Imho ist die Raumakkustik der allerentscheidenste Faktor, wenn die passt, dann klingen auch 200€ Komponenten zumindestens schon mal brauchbar,
im Gegenzug werden die 100000€ High-End Komponten in einem schlechten Raum auch kein wirklich überzeugendes Klangbild zustande bringen.
Ob man einen schlechten Raum durch Processing Wett machen kann, wie es ja z.B. bei den Yamaha AV-Receivern der Fall ist, ich glaube darüber streitet sich die Fachwelt schon, solange es diese Möglichkeiten gibt.

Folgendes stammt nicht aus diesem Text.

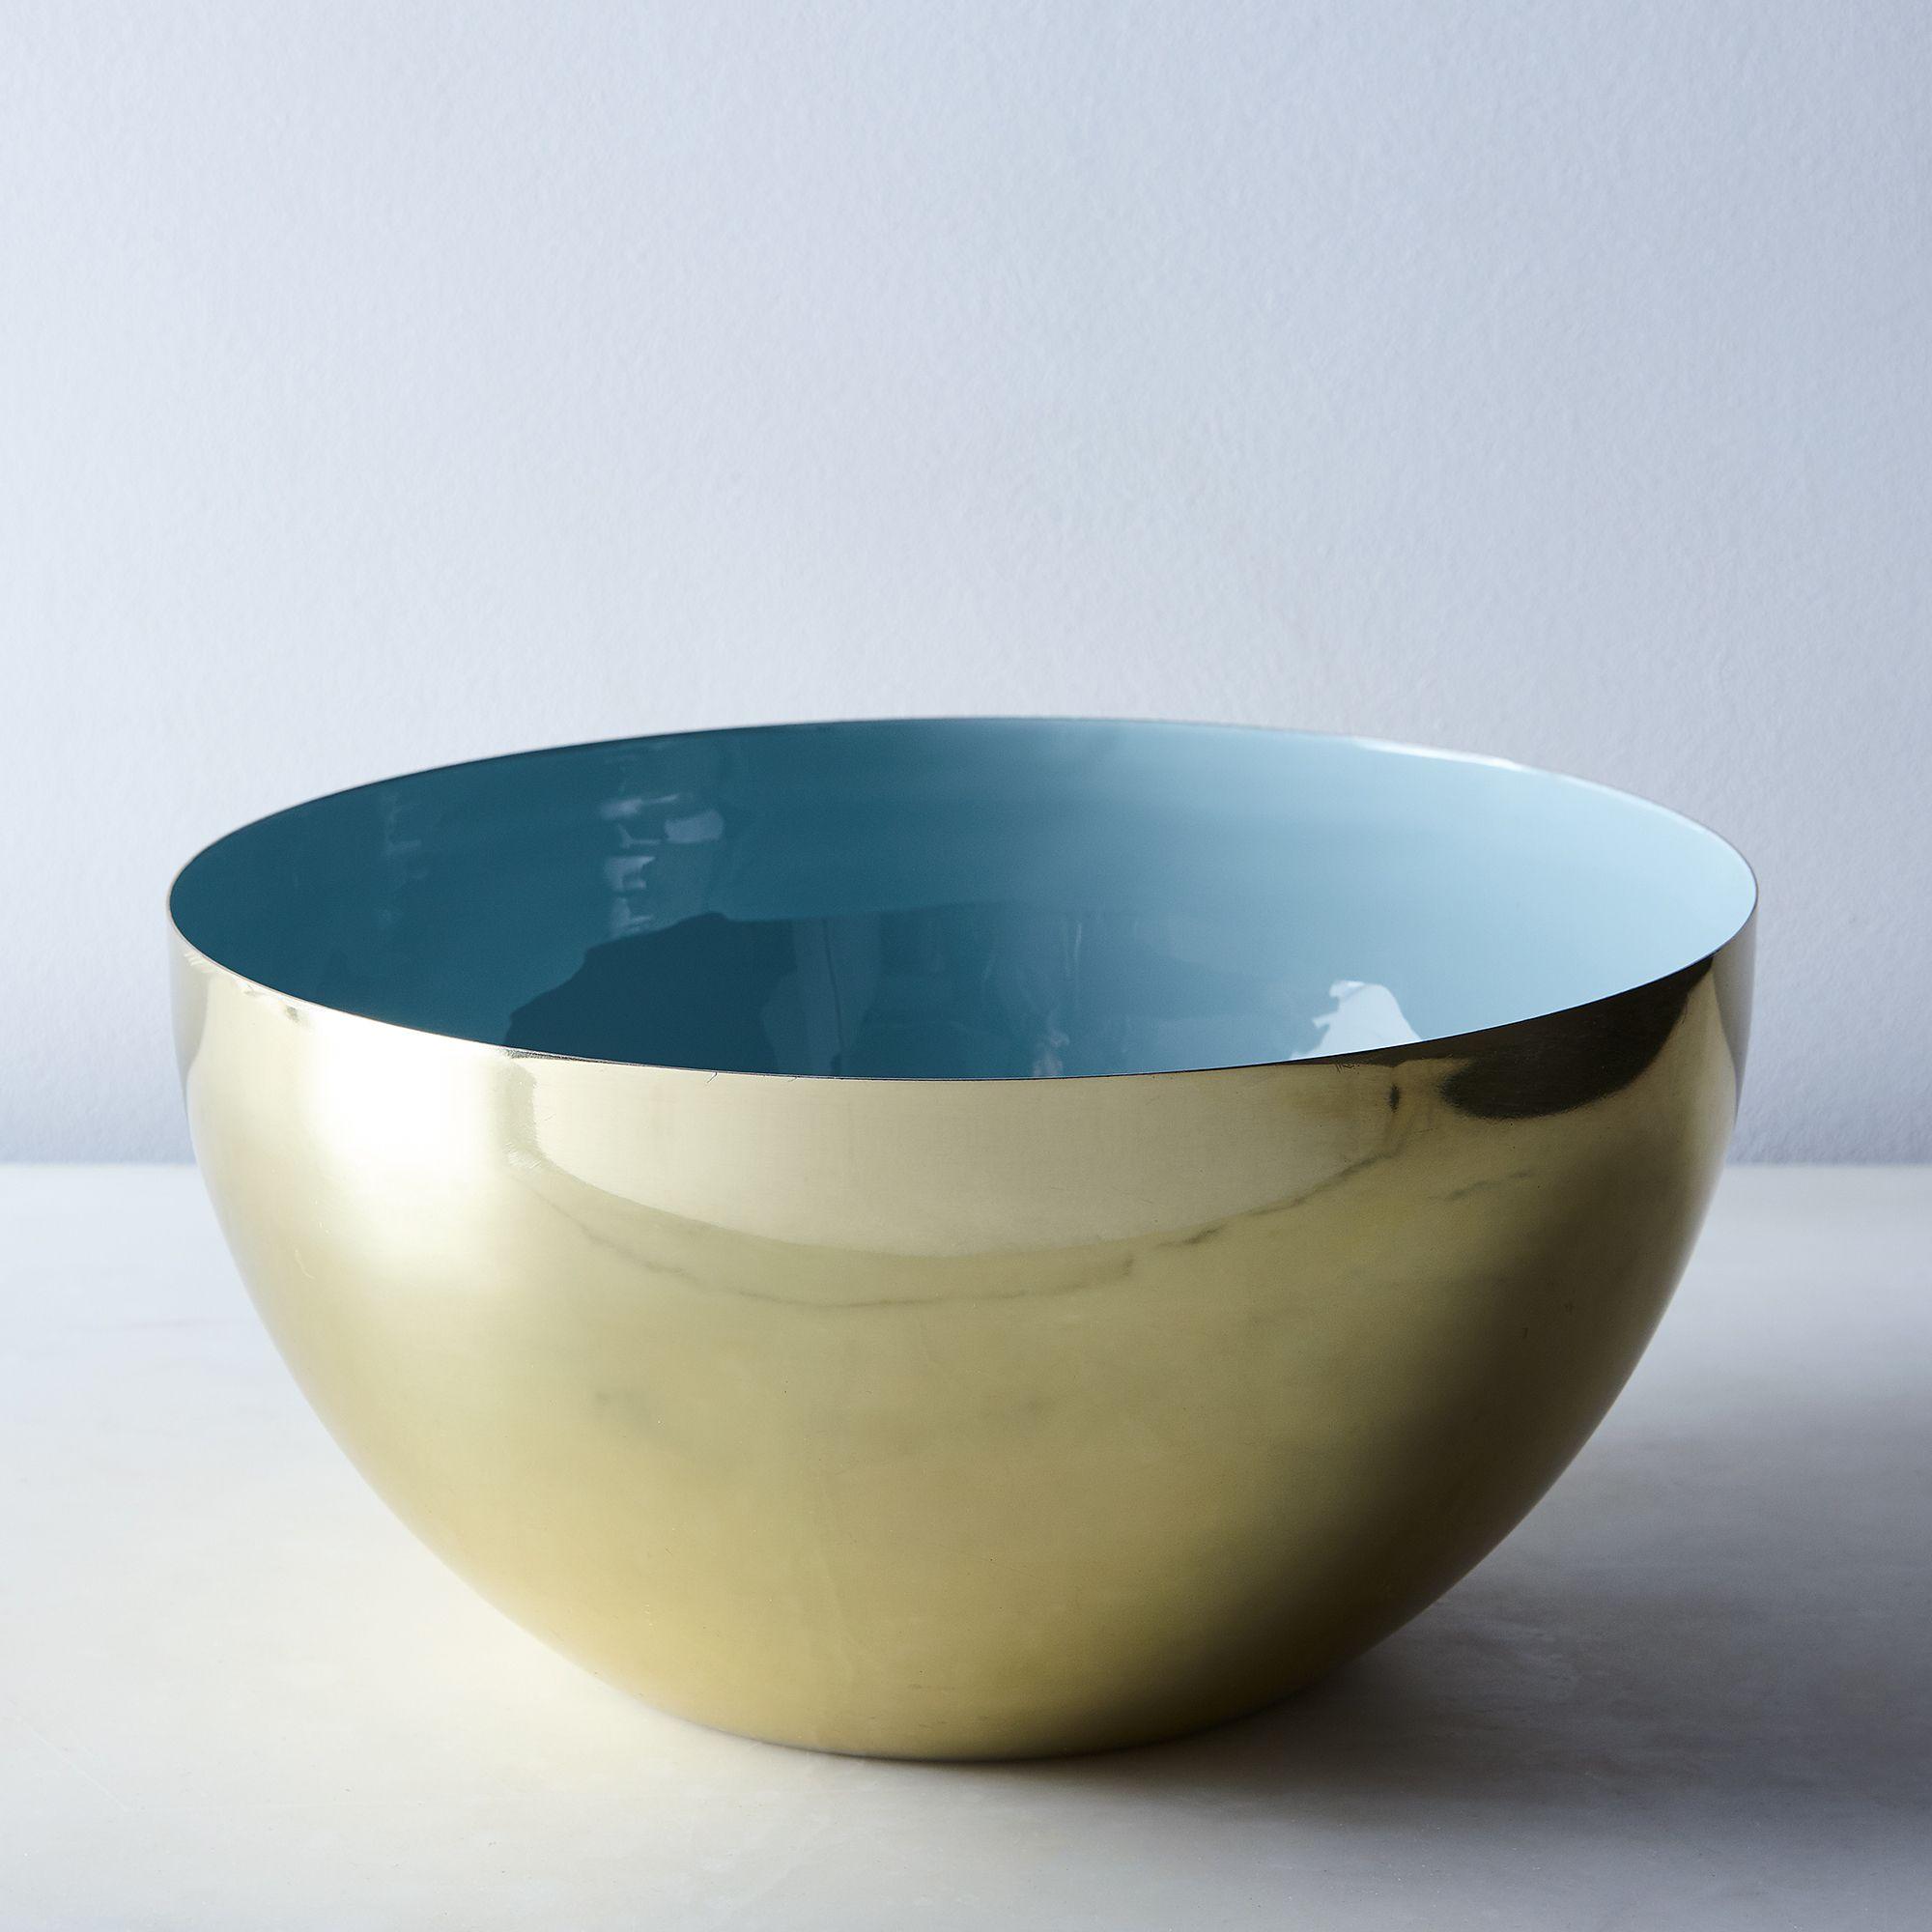 E42f9b62 9701 404b b84e 2b72643fec0c  2017 0321 hawkins new york copper brass enamel louise bowls mint xlarge silo rocky luten 0515

Aber letzten Endes ist es so wie überall:
Das Gefühl welches entsteht setzt sich aus einer Reihe von Faktoren zusammen, oftmals auch einfach als "Geschmack" bezeichnet.

P.S.
Vom 9-12.5 ist die High-End in München ... da sind eigentlich alle wichtigen Hersteller vertreten.
http://www.highendsociety.de/index.php/high_end_moc.html

Mfg
Manuel


----------



## Paul (5 Mai 2013)

Onkel Dagobert schrieb:


> Ohne so'n Schukostecker nützt der Klanglack niemals nichts.

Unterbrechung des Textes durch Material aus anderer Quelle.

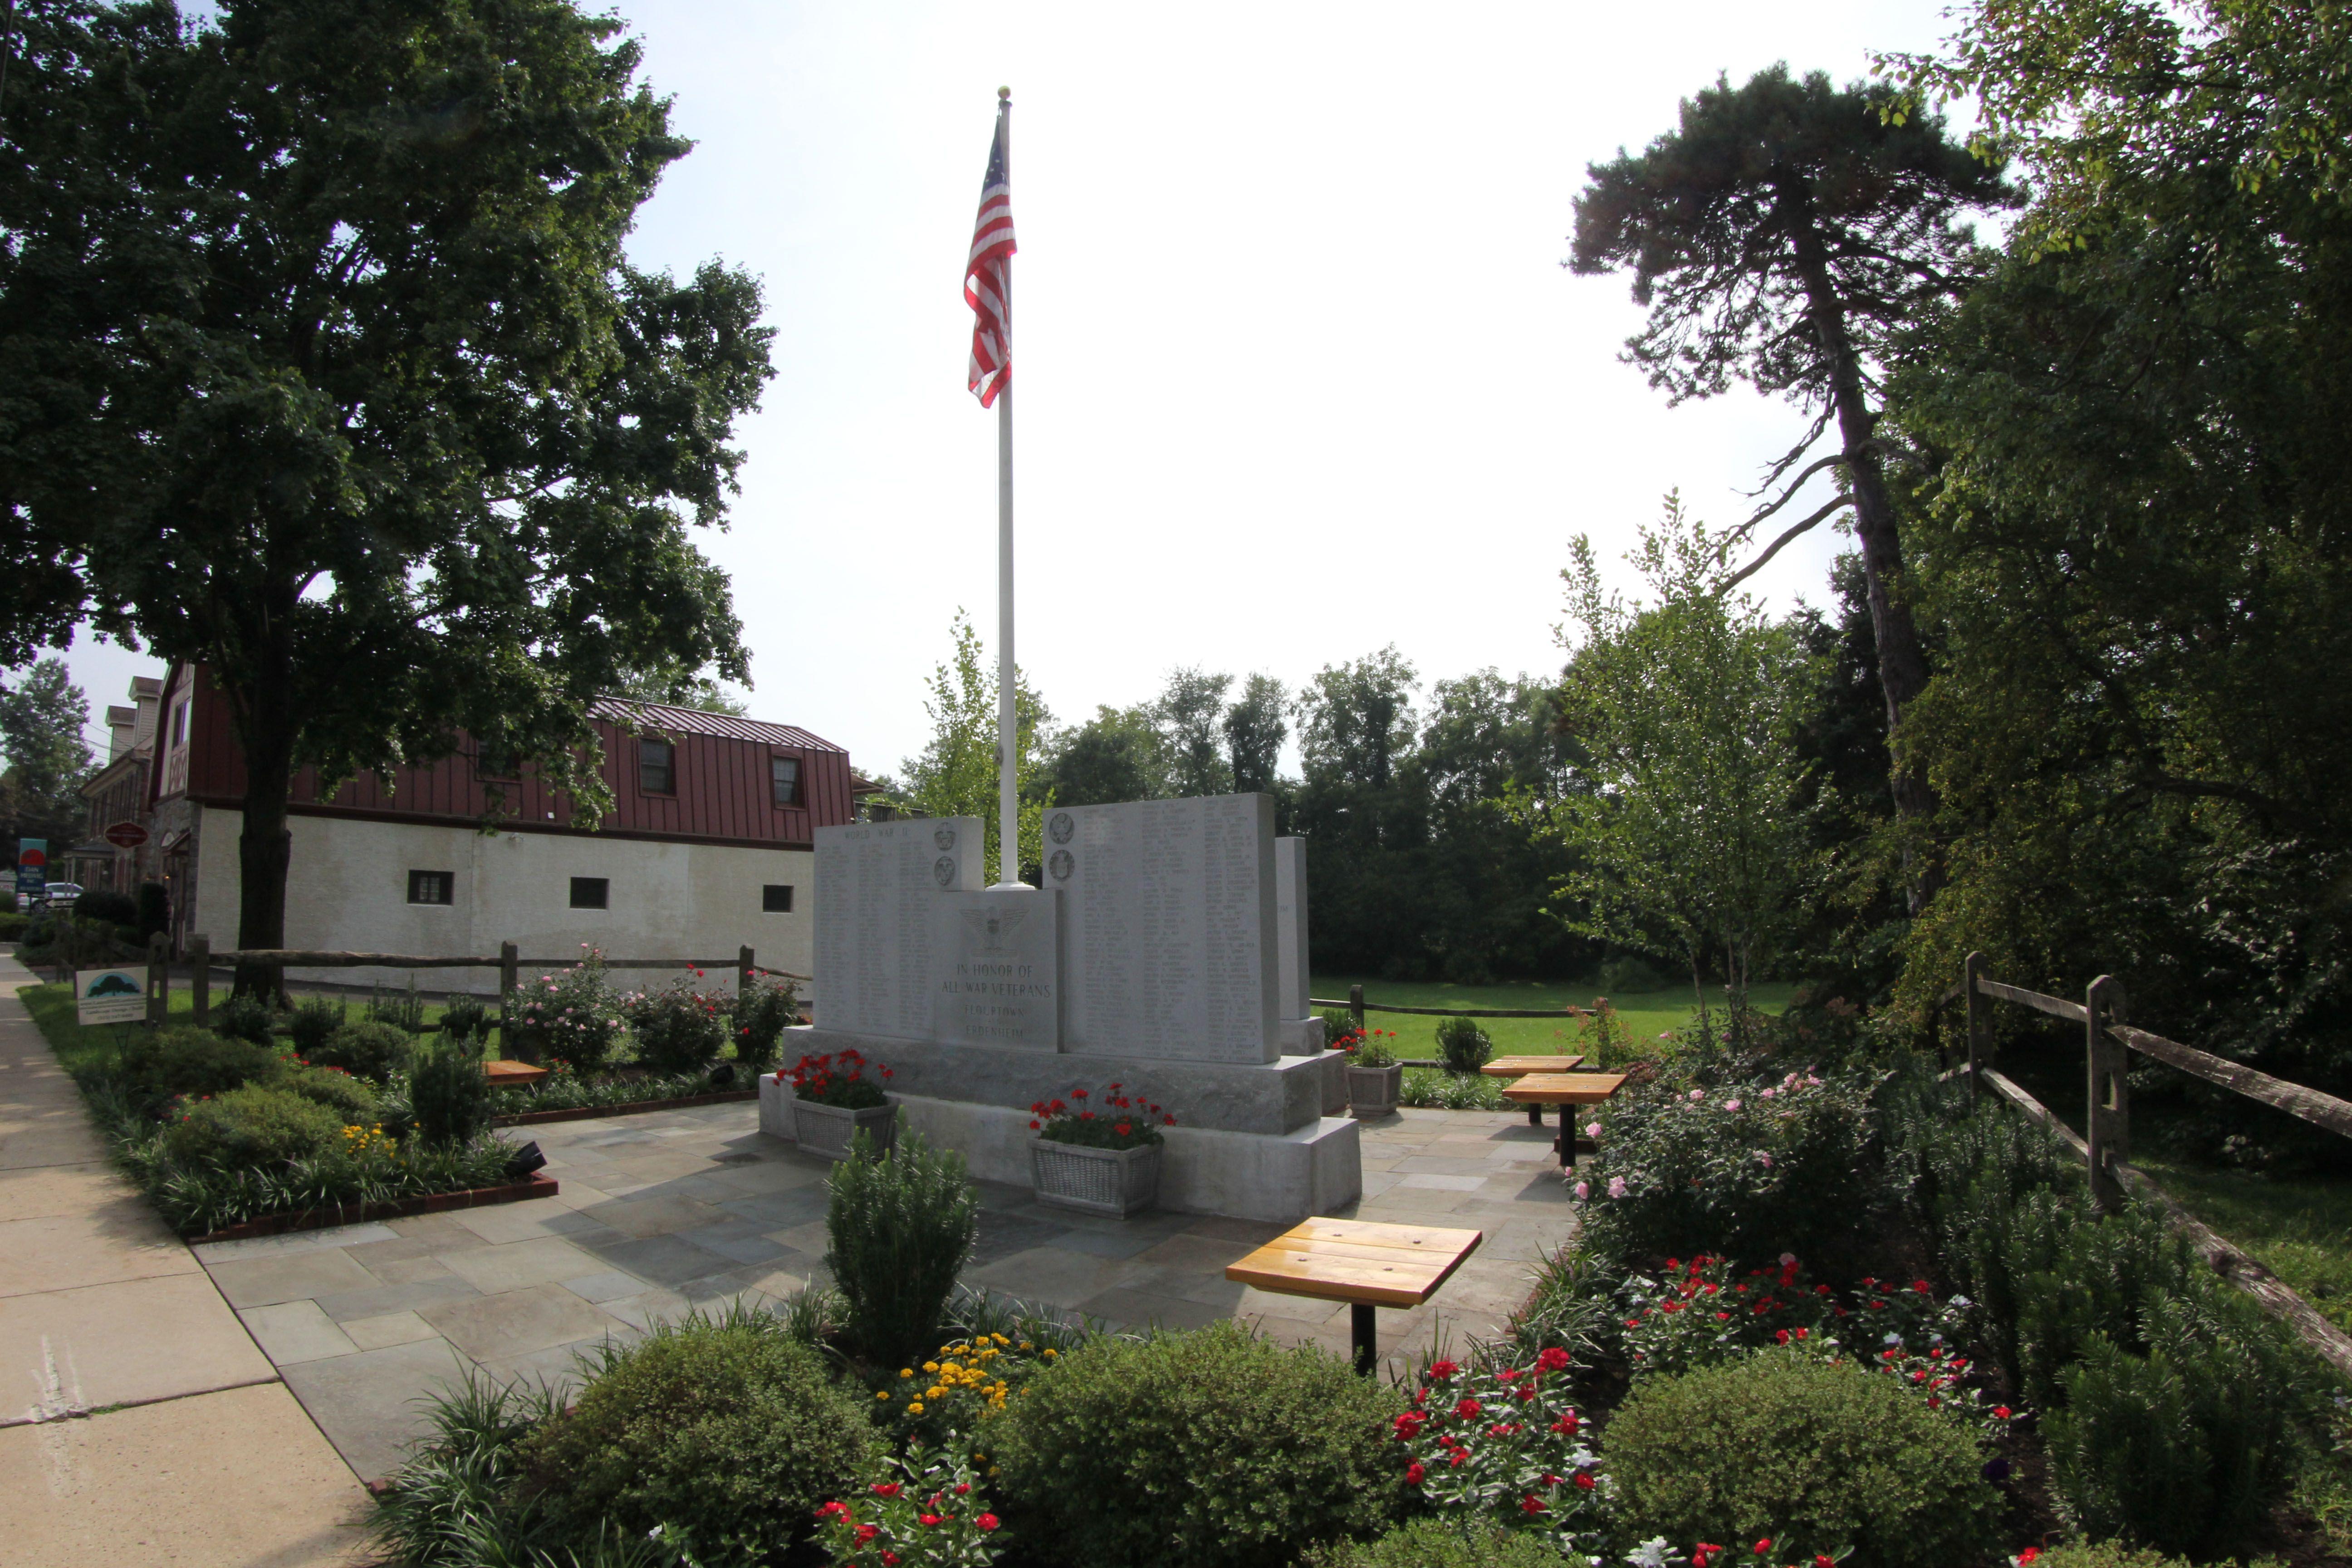 memorial day last weekend in may

Danke für den Tipp, ich würde den Stecker gerne kaufen,
aber das nützt nichts.
Richiges Tuning beginnt schon im Sicherungskasten.
HIGH END Sicherungsautomat --> Wandsteckdose mit Platinkontakten  --> Steckerleiste mit Flux Kompensator --> HIGH END Netzkabel (Laufrichtungsoptimiert!!!)
Wird wirklich angeboten. Zu Preisen wo du nur noch mit dem Kopf schütteln kannst *ROFL*


----------



## Blockmove (5 Mai 2013)

MSB schrieb:


> Und nun kommt das allerschlimmste:
> Selbst wenn du in einem Abhörraum die beste Komponentenkombination gefunden hast, in aller Regel ja beim Händler deines Vertrauens, woran auch immer man das für einen selbst festmacht,
> dann stellst du das Zeuch bei dir zu Hause ins Wohnzimmer, in welchem in aller Regel eine beschissene Raumakkustik herrscht, und schon ist deine ganze Wahl dahin.



Deshalb bieten dir gute Fachhändler auch die Möglichkeit die Boxen zu Hause zu testen.
Das Klangprocessing moderner Anlagen ist schon faszinierend.
Ich hab noch ne 300€ Kompaktanlage und bin auch manmal verblüfft was hier so ein DSP alles leistet.
Bei moderner "Musik" klingt die Anlage wirklich ganz ordentlich ... aber wehe da kommt Klassik.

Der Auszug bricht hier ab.